Morgan Stanley believes the new decree law will drive further consolidation in the sector, which together with extensive liability management at weaker entities, will continue to improve the competitive position of the large banks, mainly BBVA and Santander.
“We see consolidation as a positive in the longer run for the system, but we are cautious on Spanish banks as a whole shorter term given the macro headwinds,” the financial services firm analysts explain in a report.
What is the new piece of law about? Here are its main points summarized below:
– A bank receiving public aid will be declared viable or non-viable depending if it is considered capable of returning the public funds with-in a reasonable amount of time (5 years) or not. Viable banks will receive public aid in the form of CoCos and will be allowed to restructure, if not the FROB will inject equity and the entity will go into resolution. If the entity is considered systemic, it will be allowed to restructure even if nonviable.
– We think the nationalized entities NovaCaixaGalicia, Banco de Valencia and Catalunya Caixa will face resolution, while BFA-Bankia could be considered systemic and continue to be run on a standalone basis. Once the stress tests are completed 2H of September, more banks could be nationalized.

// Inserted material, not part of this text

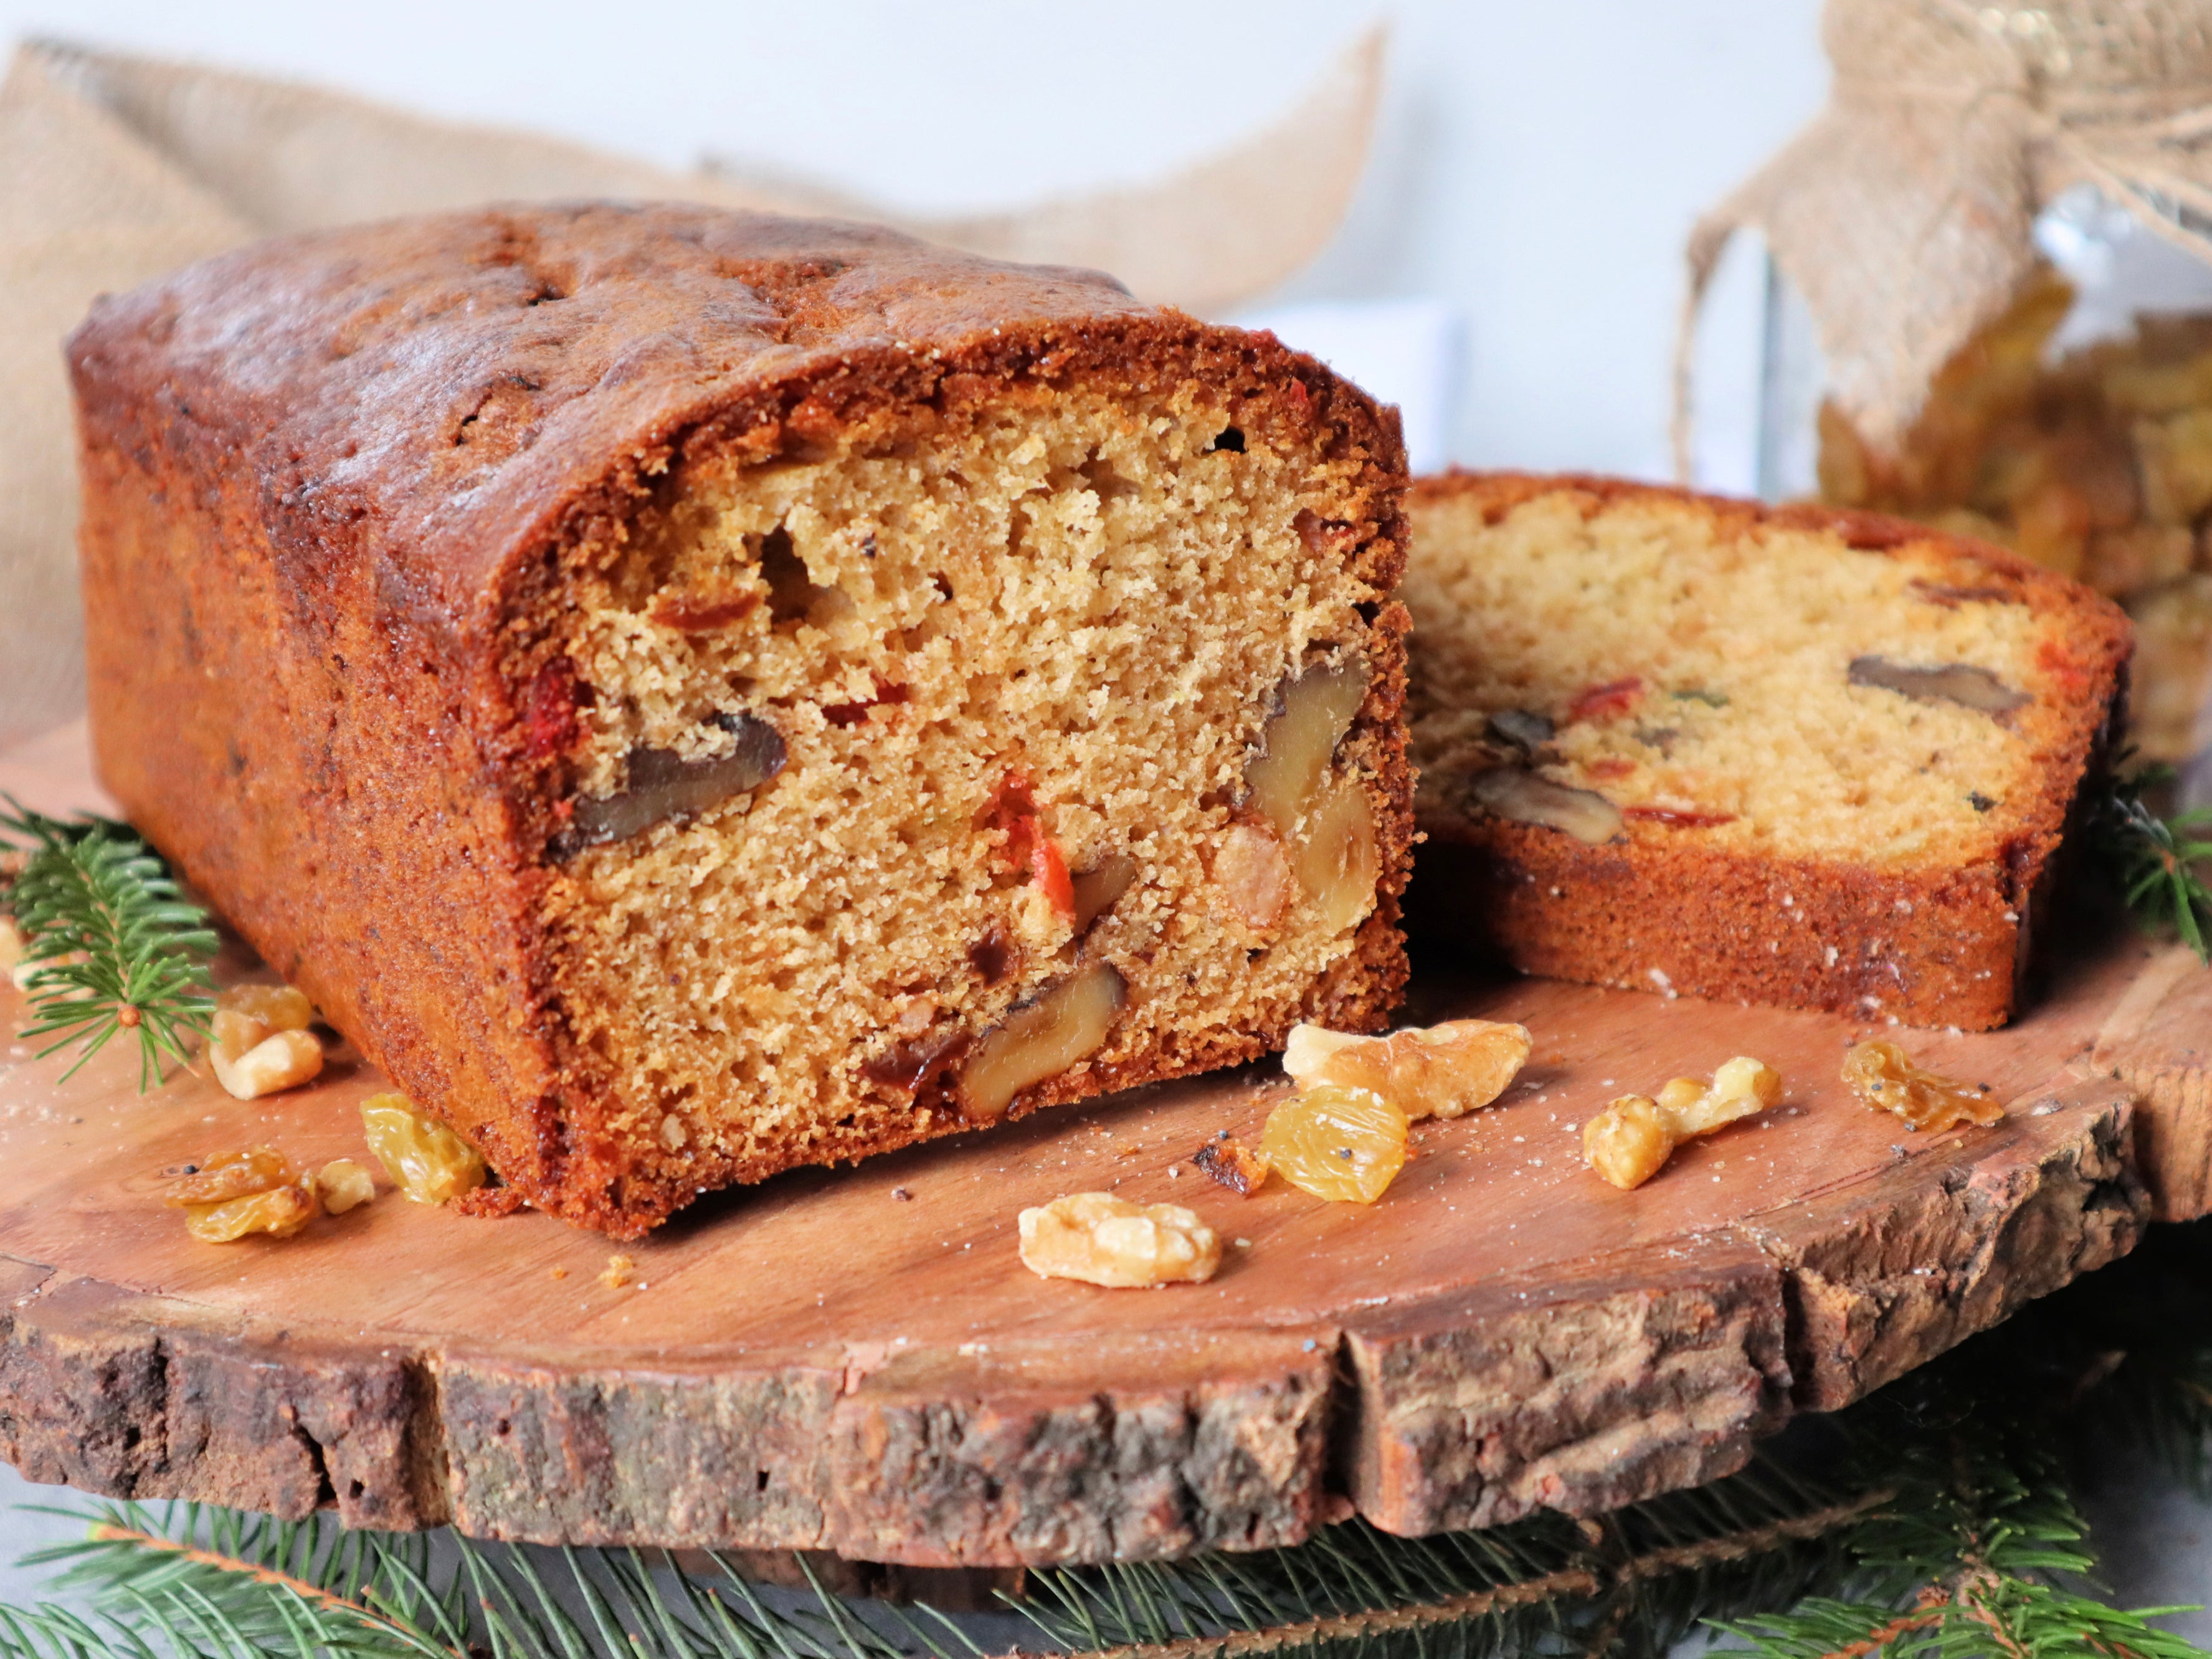 For Love of the Table: Brandied Fruit & Almond Pound Cake
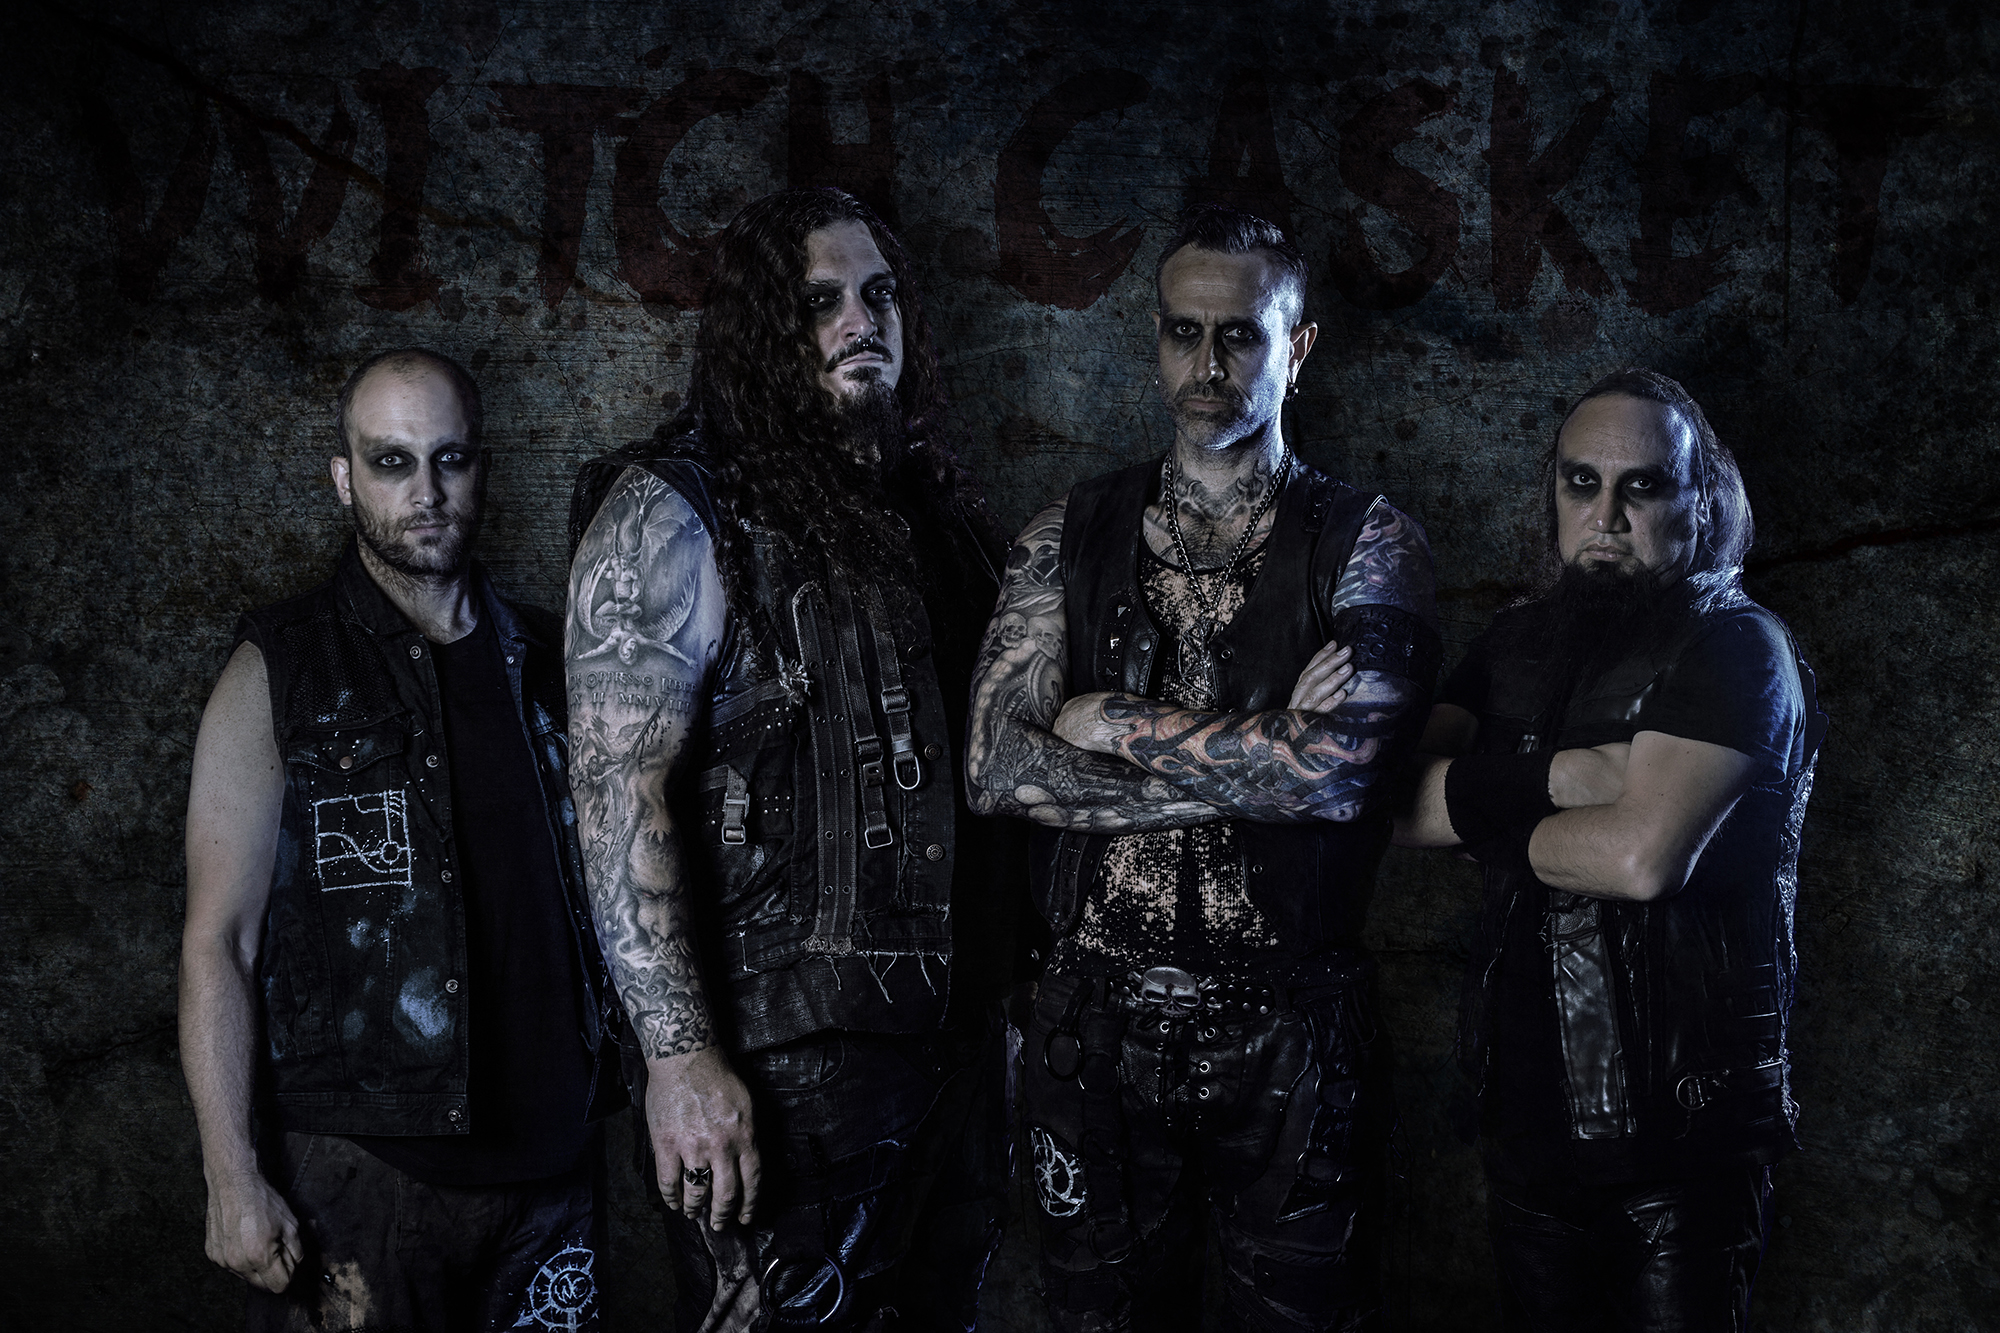 Interview: Witch Casket’s Drogoth on losing Neal Tiemann to DevilDriver, ‘Punishment’ EP

– Resolution of banks will be managed by the FROB and will include mandatory liability management. Junior debt holders will receive at least, what they would do in the event of liquidation, which we believe opens the door for large discounts to nominal value. The FROB will then dispose of the bank in a competitive process, either entirely or partially transmitting some assets and liabilities. It can also offer support for the buyer if necessary (like until now) which can take the form of guarantees, loans, purchase of certain assets and liabilities or recapitalization.
– For entities where public aid is temporary, Liability management is encouraged in restructuring plans. Buybacks will be referenced to the market price (the MOU limited any premium paid to 10%), but it will be voluntary for investors to accept or not. Although its ‘voluntary’, if not enough funds are raised the bank could find itself going into resolution.
– The law states as a general guideline shareholders will suffer first losses. After them, some or all Junior debt holders could be forced to take loses but the level of seniority must always be respected. There is no distinction in the draft between retail and institutional holders. Junior debt subject to LME may include preference shares, hybrids, mandatory convertibles, and other subordinated debt. LME can be in cash, shares, or simply a reduction of nominal.
– The draft law doesn’t include any extra capital allocation to the FROB, and salaries of banks with public aid will be capped further at €500k (was €600k).
– The minimum core capital is increased to 9% as the MOU required, however interestingly the definition of core capital DOES NOT include deductions from unrealized losses in the AFS as Basel III requires… Authorities don’t seem to want to disincentives banks from buying government bonds.
– The government guarantee program has also been increased from €100bn to €250bn until year end which should also contribute to alleviate liquidity of some institutions (Banks can issue government guaranteed bond and discount them at the ECB).